= Benjamin Holman =

American journalist

Benjamin F. Holman (1930 – January 20, 2007) was a pioneering American newspaper and television reporter.

Holman was born in Columbia, South Carolina. His father died when he was four years old, and his mother moved with him and his sister to Bloomfield, New Jersey. As a young man, he hoped to combine his love for writing, music, and engineering by creating musical theater. Before he graduated from high school, however, he had decided to become a journalist.

Holman attended Lincoln University in Pennsylvania before transferring to the University of Kansas. There, he graduated first in his class with a degree in journalism. Afterward, he pursued graduate studies at the University of Chicago.

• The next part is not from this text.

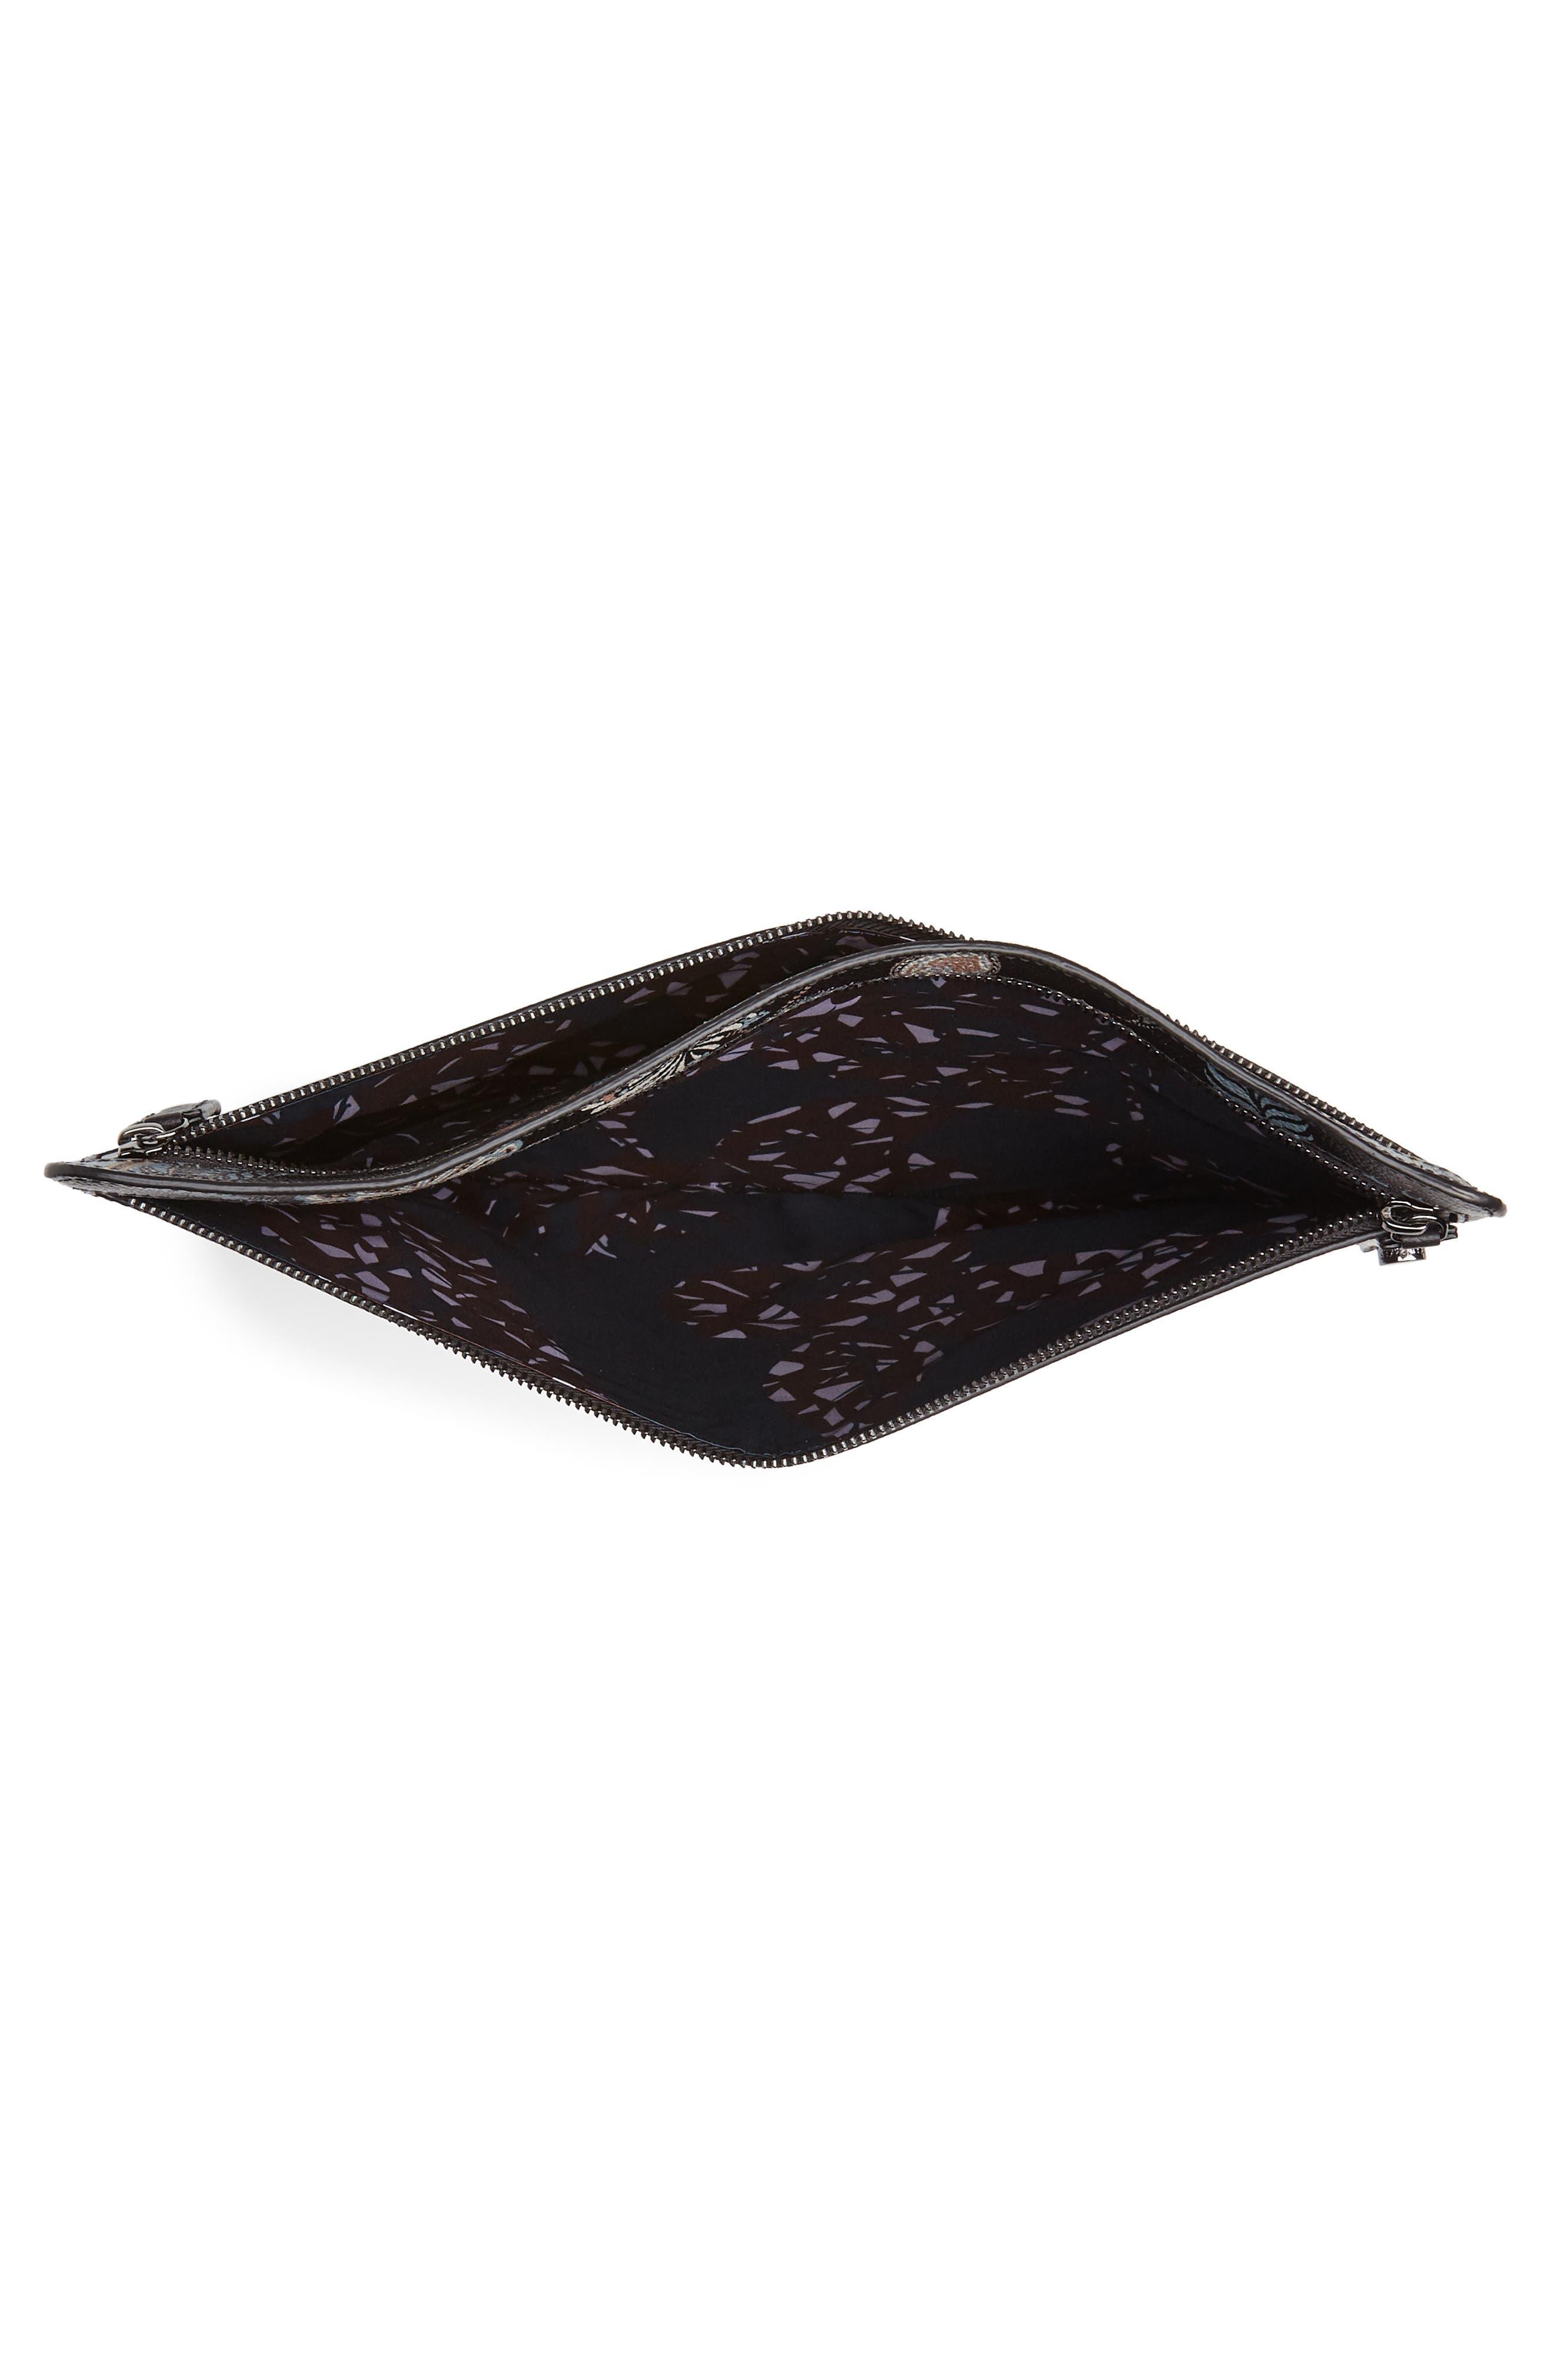 Tiggs Leather Portfolio,                             Alternate thumbnail 4, color,                             BLACK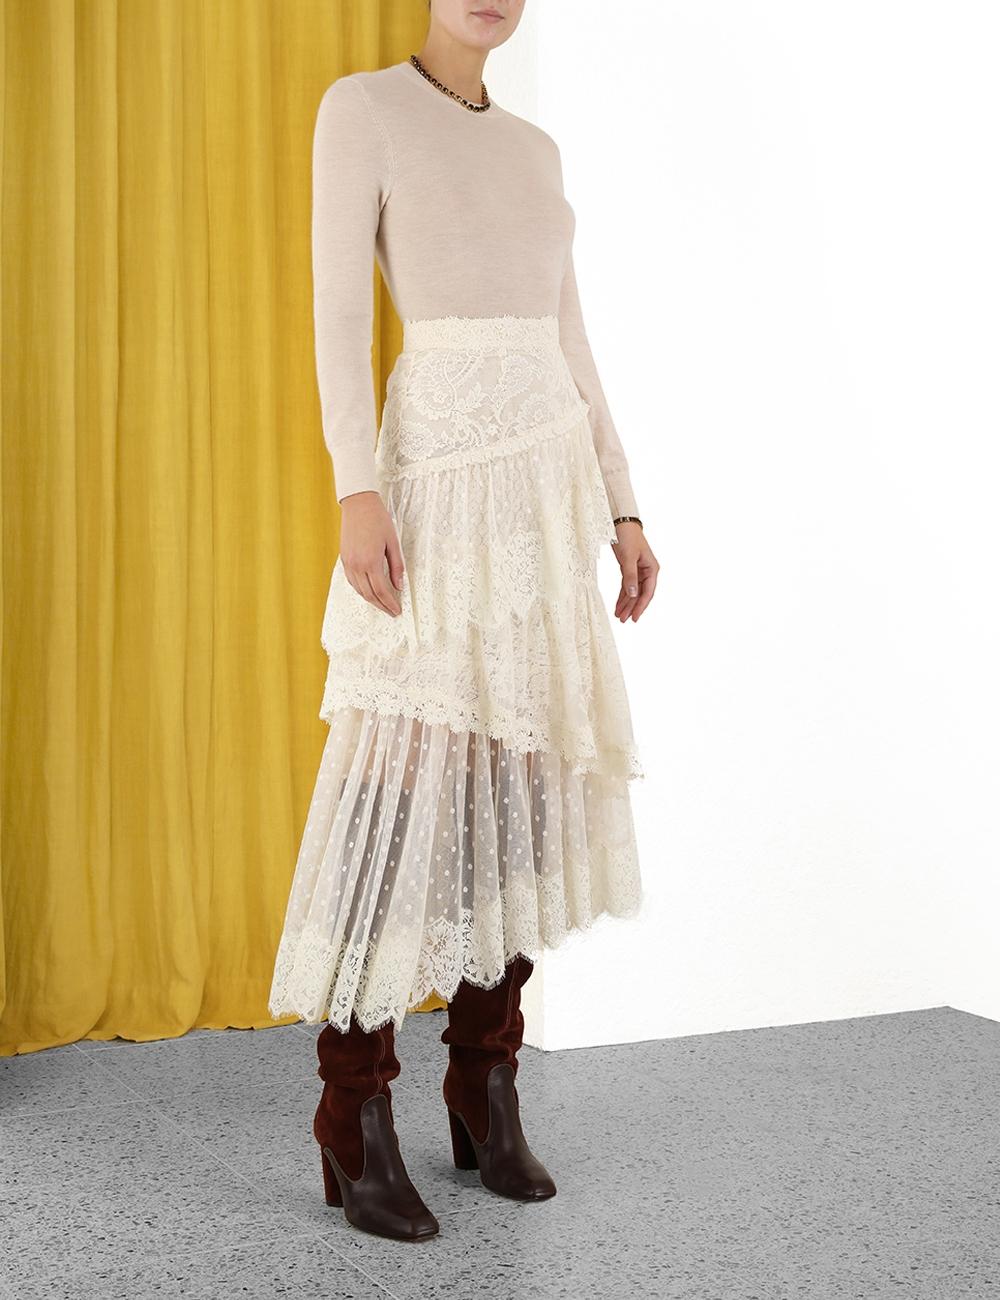 Concert Textured Lace Skirt

Holman worked for the Chicago Daily News and CBS News; he was one of the nation's few prominent black journalists. Afterward, Holman spent eight years working for the administrations of Richard Nixon and Gerald Ford as director of community relations, during which he helped mediate racial disputes. He was also the assistant attorney general for the Justice Department; therefore, he was the highest-ranking African-American.

In 1979, he began teaching in the journalism department of the University of Maryland, College Park. Holman helped shape the university's Philip Merrill College of Journalism, and retired in 2004. He died on January 20, 2007, of complications from emphysema and congestive heart failure at George Washington University Hospital.